Inspiration We live in an era where every company claims to be "eco-friendly," yet carbon emissions continue to rise. As consumers, we noticed a disturbing trend: from "clean coal" campaigns to "conscious collections" in fast fashion, we are constantly bombarded with vague buzzwords and nature imagery that mask the truth. We realized there was no easy way to fact-check these claims in real-time. We built GreenGuard to be the BS-detector for the green economy—empowering users to see through the marketing spin and demand transparency.

What it does GreenGuard is an AI-powered sustainability auditor that analyzes corporate marketing text, reports, and URLs to detect deceptive "greenwashing" tactics. It doesn't just tell you if a claim is bad; it tells you why.

Risk Scoring Engine: Assigns a 0-100 reliability score based on the presence of verified data vs. vague fluff.

X-Ray Mode: Instantly highlights specific red-flag keywords (e.g., "natural," "eco-friendly," "carbon-neutral") directly in the text, acting like a spell-checker for deception.

The "De-Greenwash" Button: Our generative AI feature rewrites misleading marketing copy into brutally honest, factual statements. (e.g., turning "We are committed to a green future" into "We are compliant with minimum regulations.")

Wall of Shame: A community-driven feed that tracks the worst offenders across industries like Fashion, Energy, and Automotive, creating a public record of accountability.
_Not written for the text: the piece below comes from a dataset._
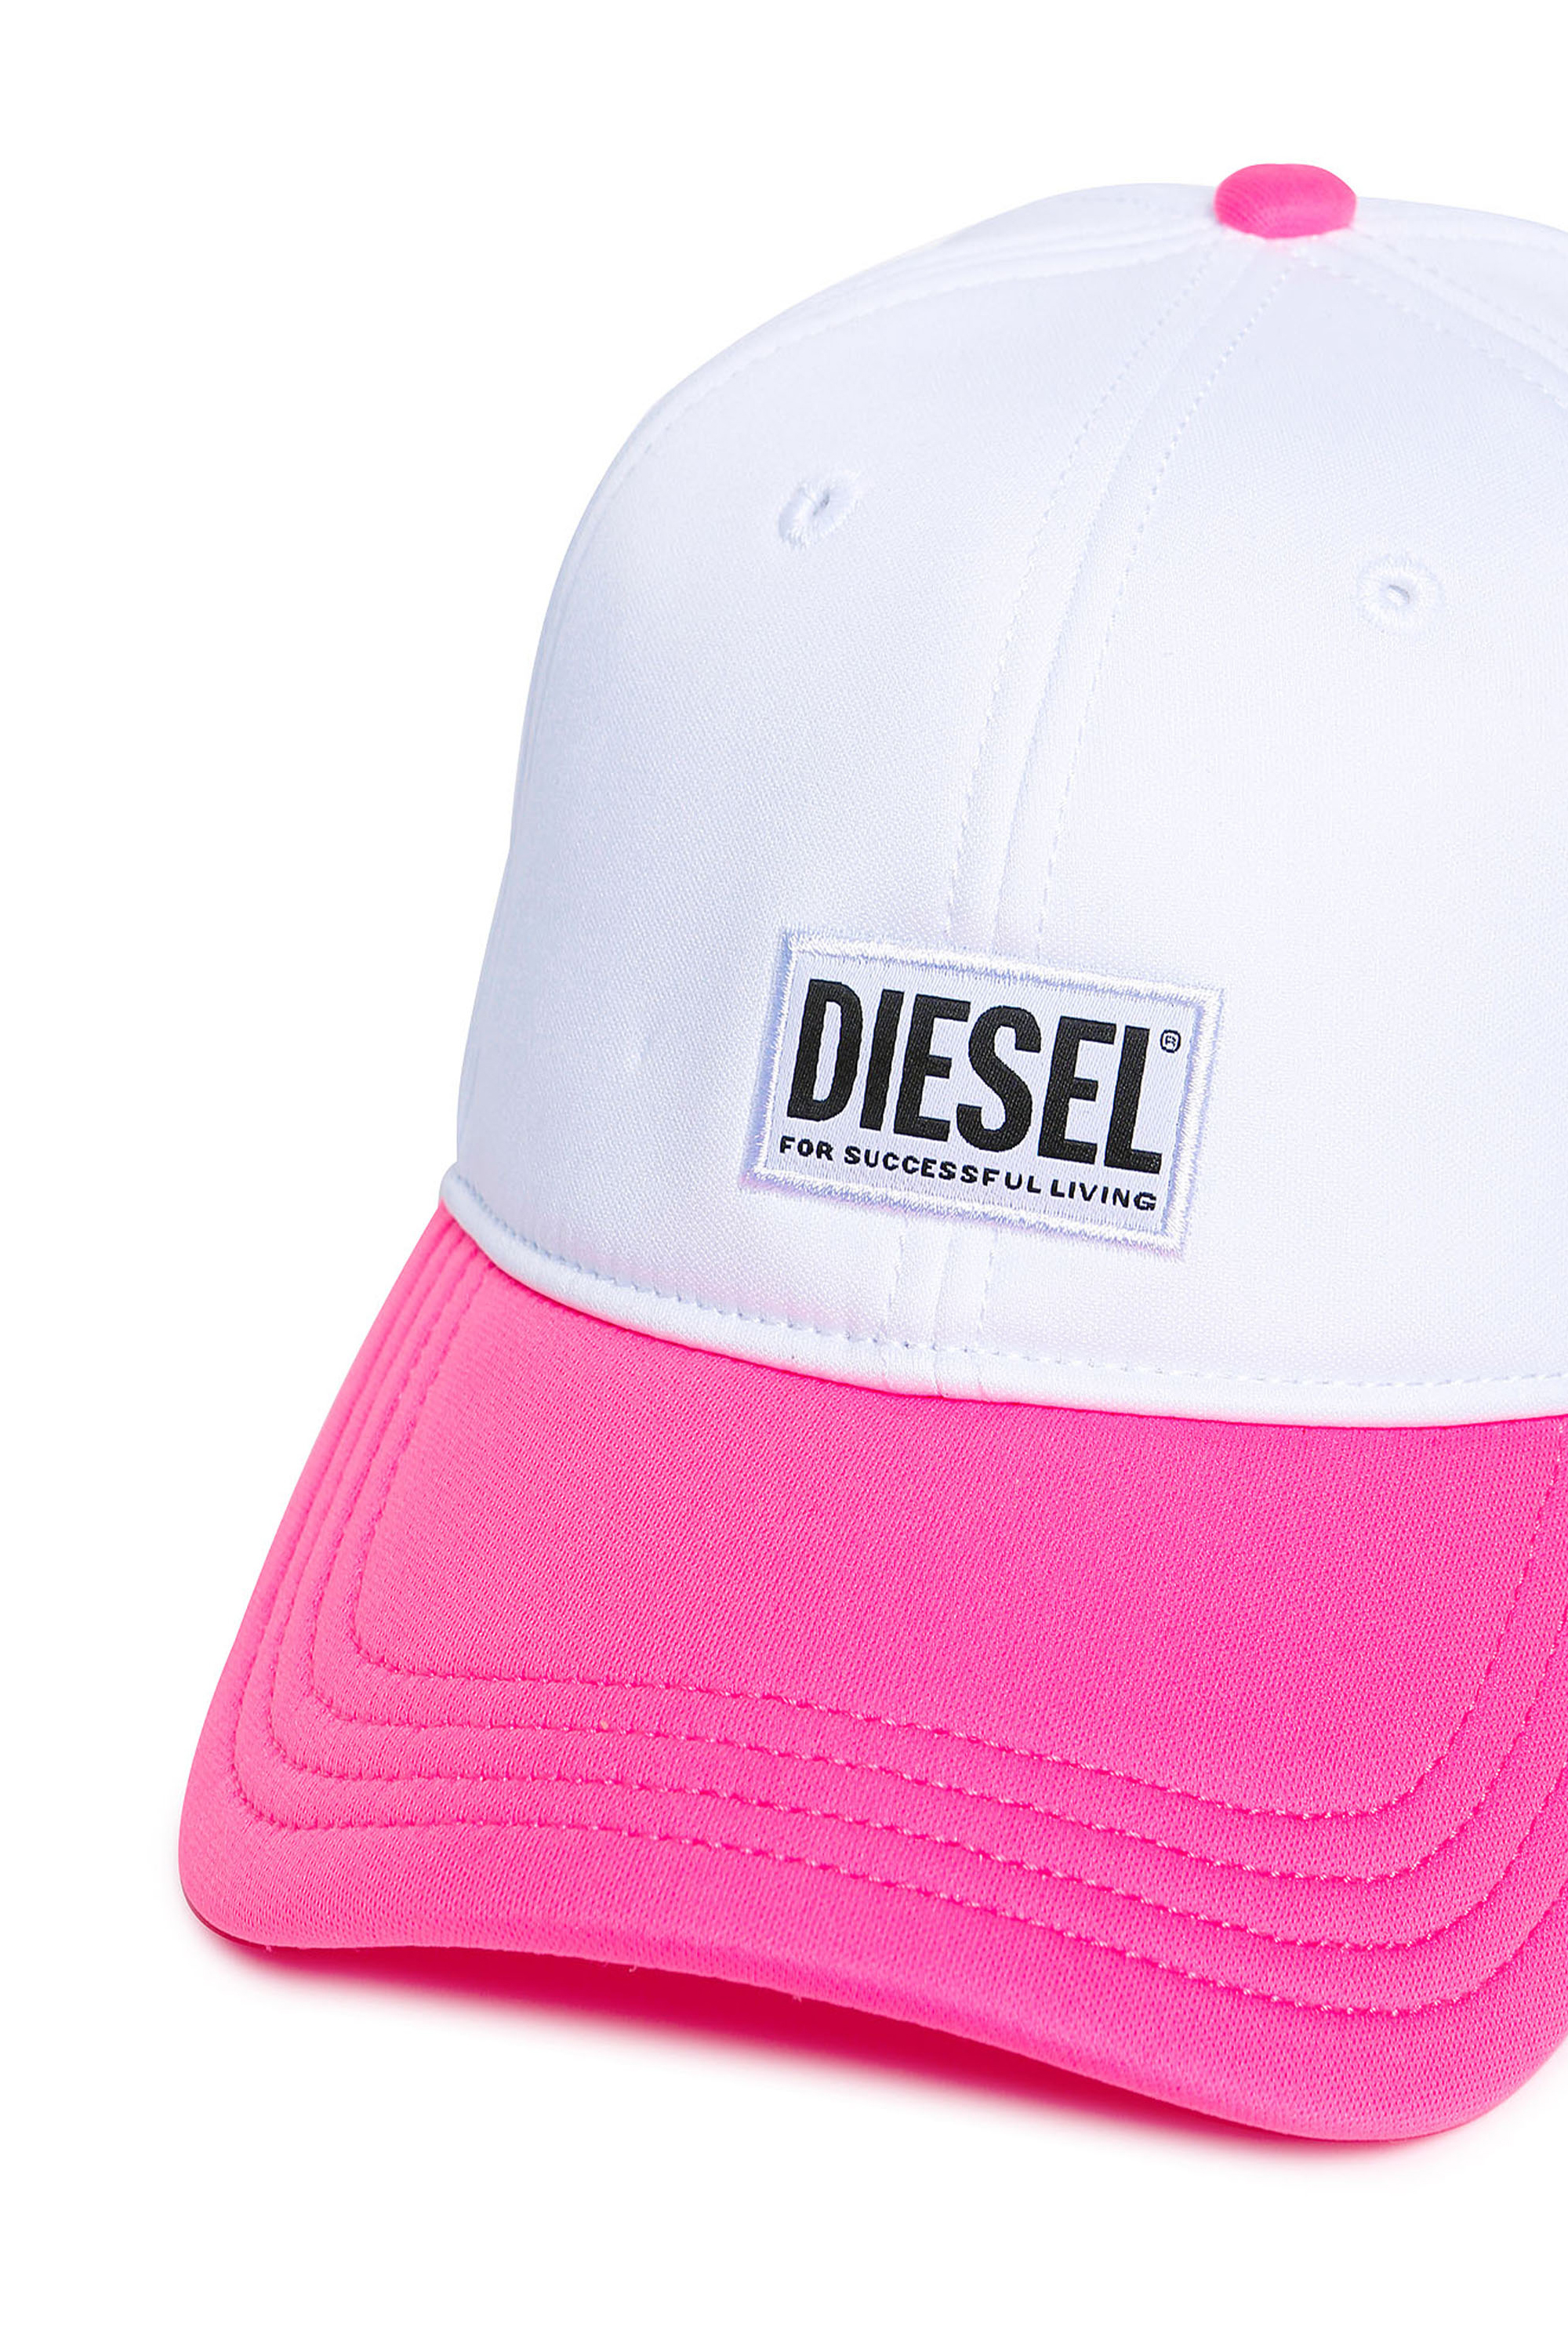 Diesel - FDURBO, Blanc/Rose - Image 3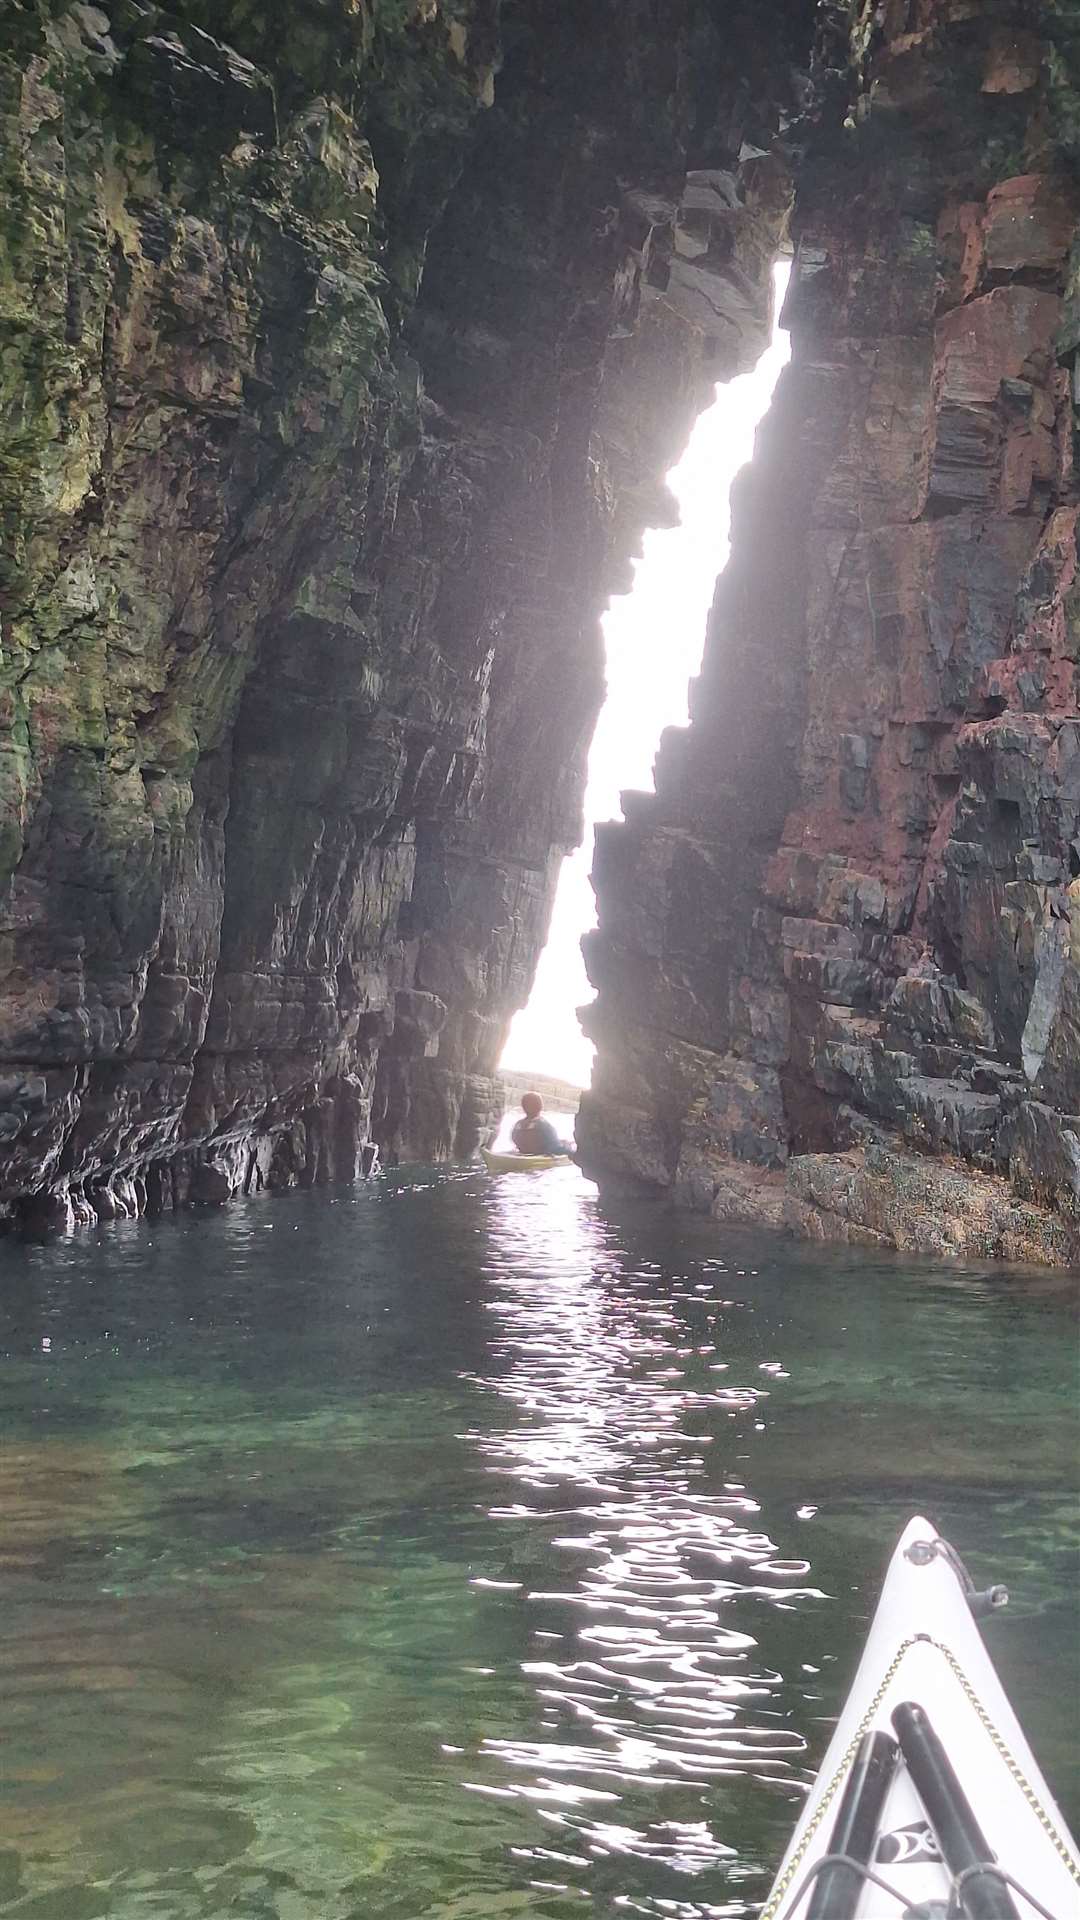 A narrow cleft through the cliffs.

How we built it We built GreenGuard as a modern full-stack application:

Frontend: We used React (Vite) and Tailwind CSS to create a responsive, high-performance dashboard with a "Glassmorphism" aesthetic. The UI features real-time state management for the "X-Ray" highlighting and interactive gauges.

Backend: Our server is built on Node.js and Express. It handles API requests and serves as the bridge between the client and our AI models.

AI Integration: The core intelligence is powered by Google Gemini (1.5 Flash). We engineered custom prompts that act as "Industry Specialists" (e.g., an expert in Fashion Sustainability) to catch sector-specific nuances.

Web Scraping: We implemented Cheerio and Axios to scrape text from user-submitted URLs, stripping away ads and navigation to focus purely on the claims.

Challenges we ran into Rate Limiting: We hit the Gemini API quota early on! We solved this by implementing a smart caching system and a robust "Simulation Mode" that allowed us to test the UI without burning through our limits.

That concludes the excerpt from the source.